• **Work instructions**
Your answer must be an exact copy of the data, without any pictures.

• **Provided data**
┌──

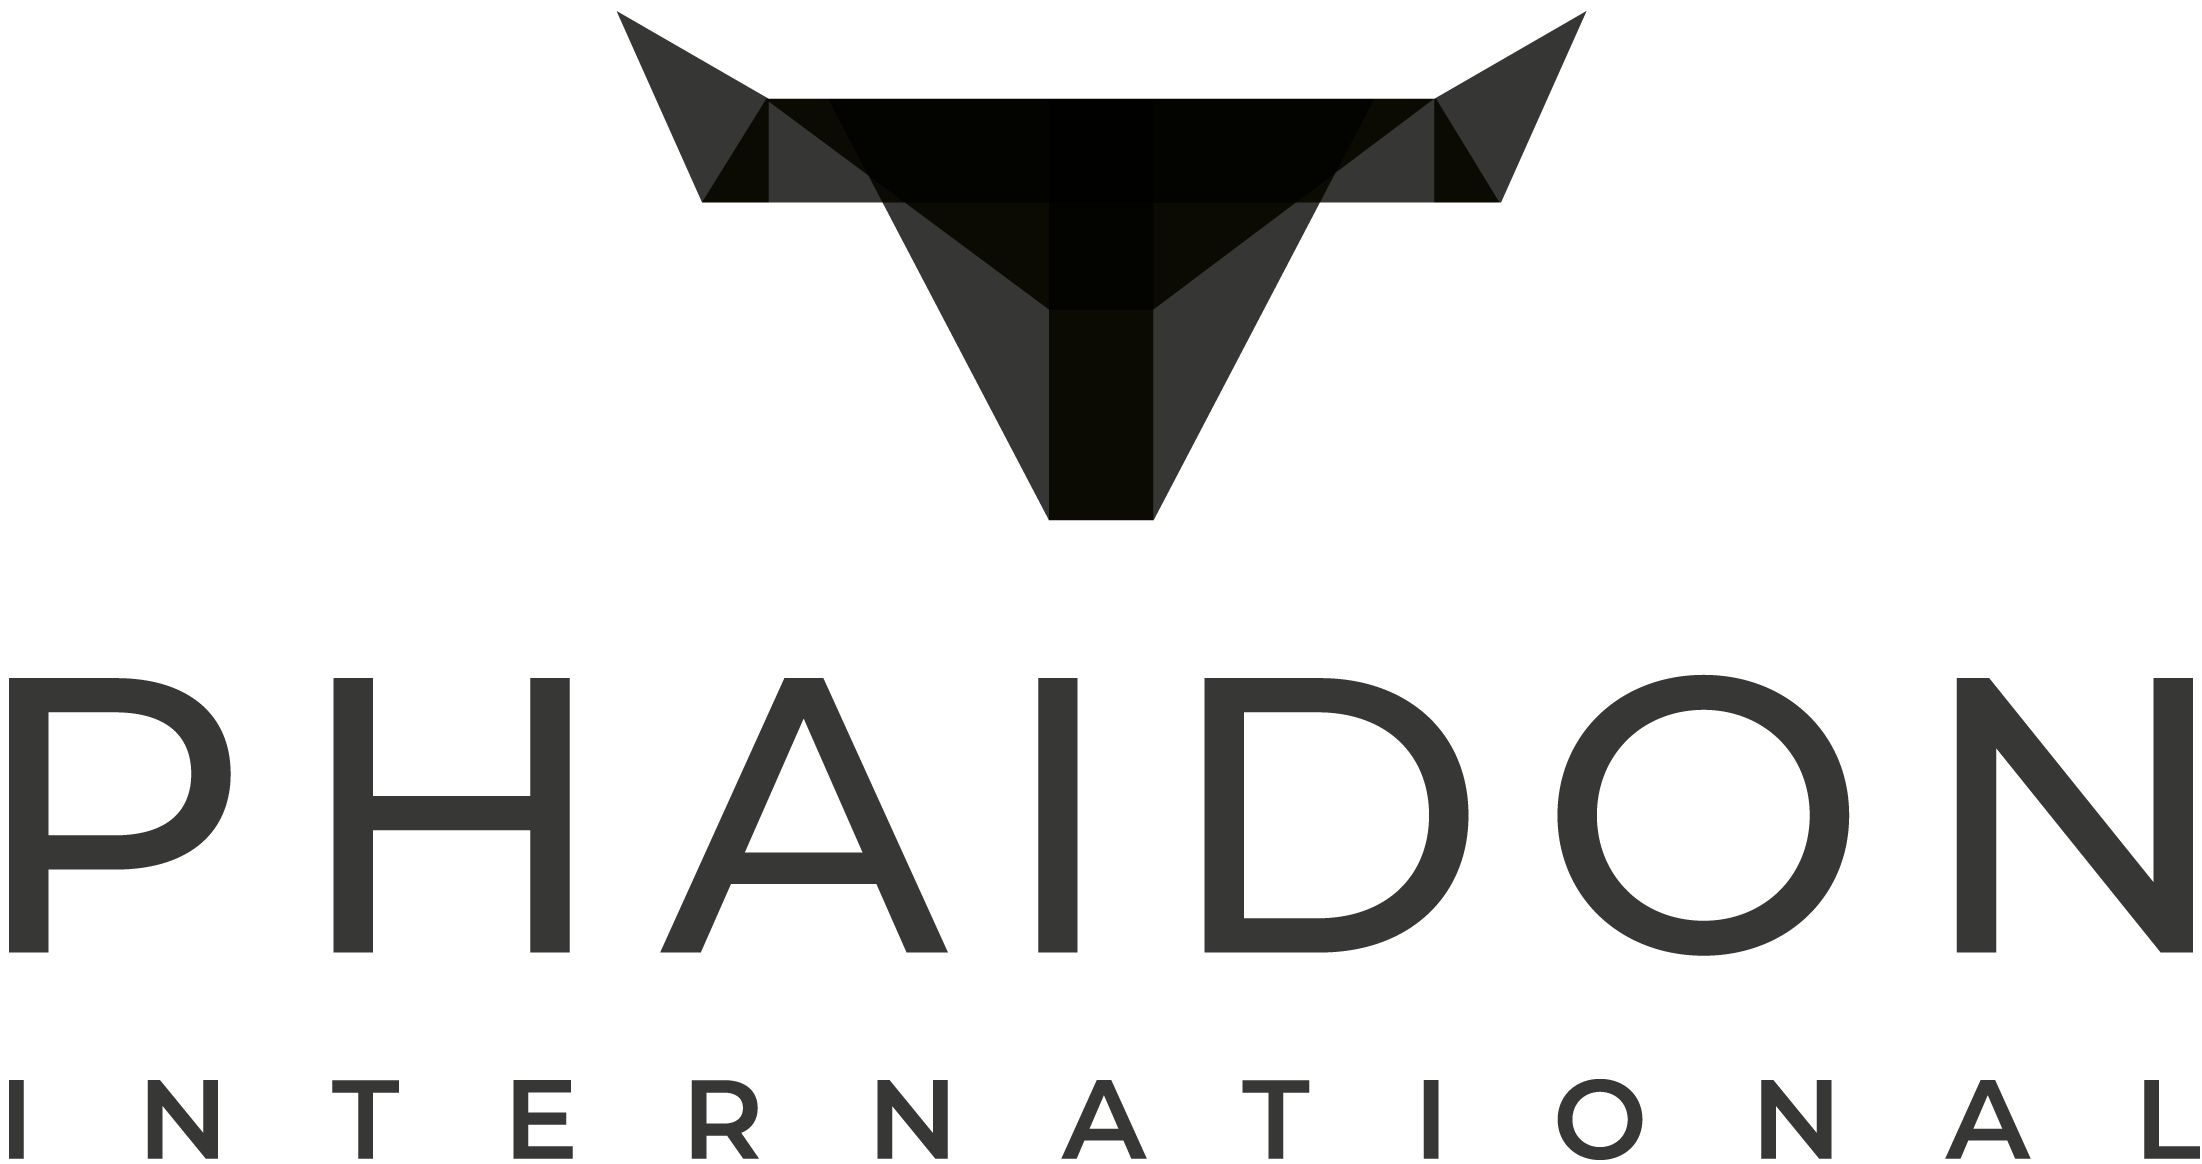 Phaidon International
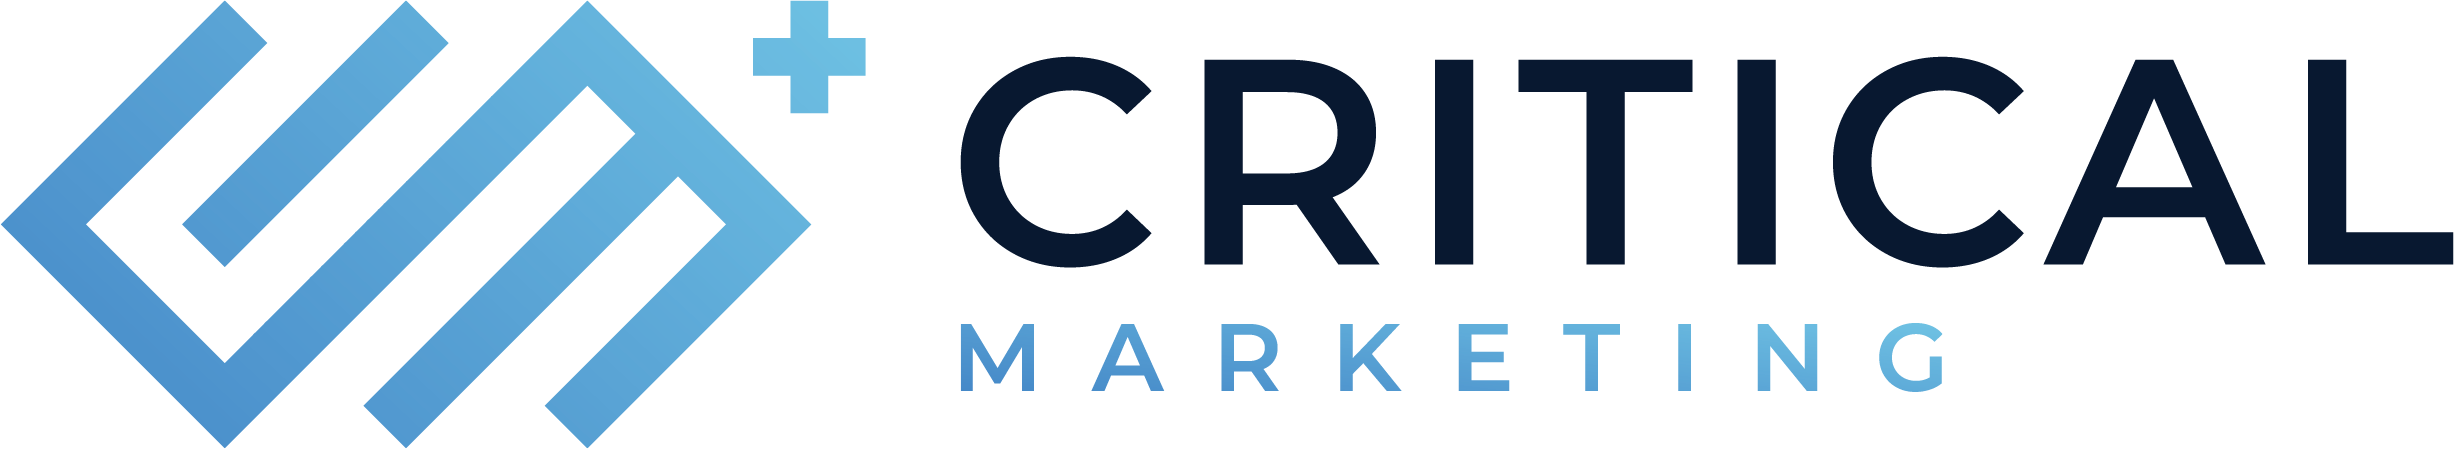 Critical Marketing Logo 
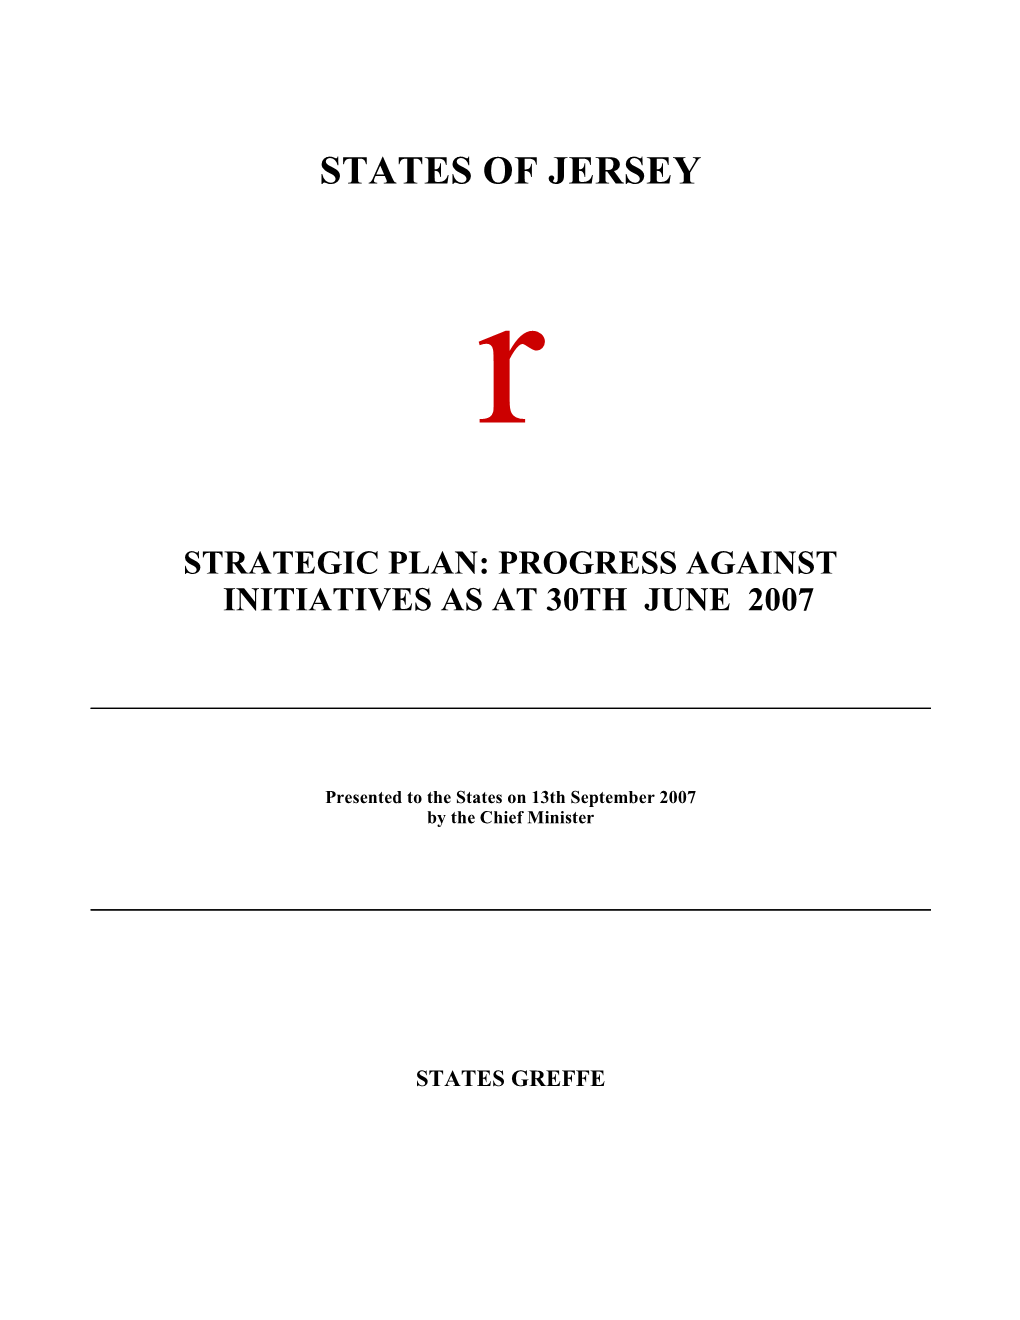 Strategic Plan: Progress Against Initiatives As at 30Th June 2007
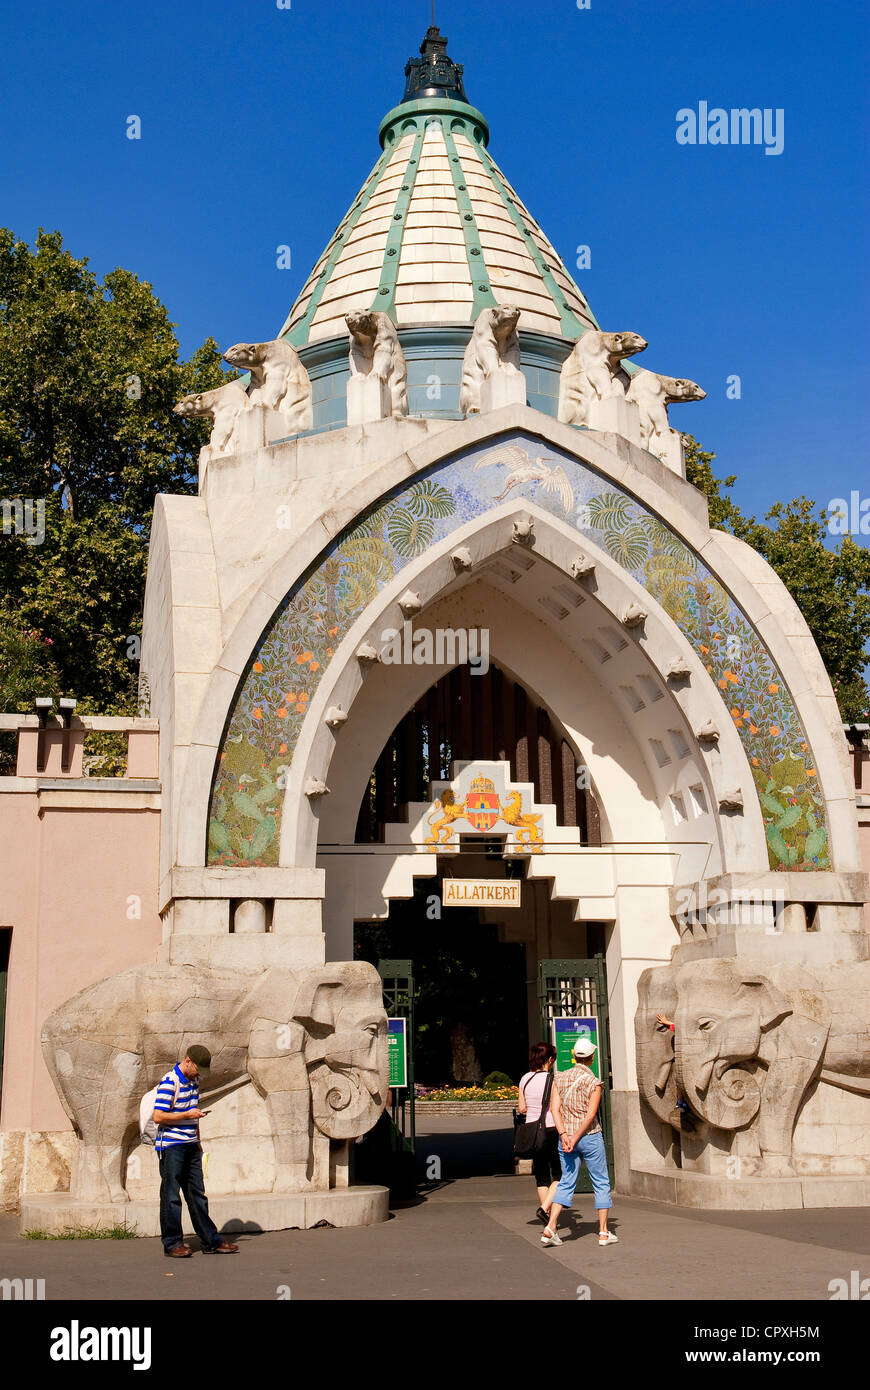 Hungary, Budapest, entrance of the zoo along the Allatkerti utca in the Varosliget Park Stock Photo

└──

• **Output below**
 Phaidon International
 Critical Marketing Logo 
 Strategic Plan: Progress Against Initiatives As at 30Th June 2007
 Hungary, Budapest, entrance of the zoo along the Allatkerti utca in the Varosliget Park Stock Photo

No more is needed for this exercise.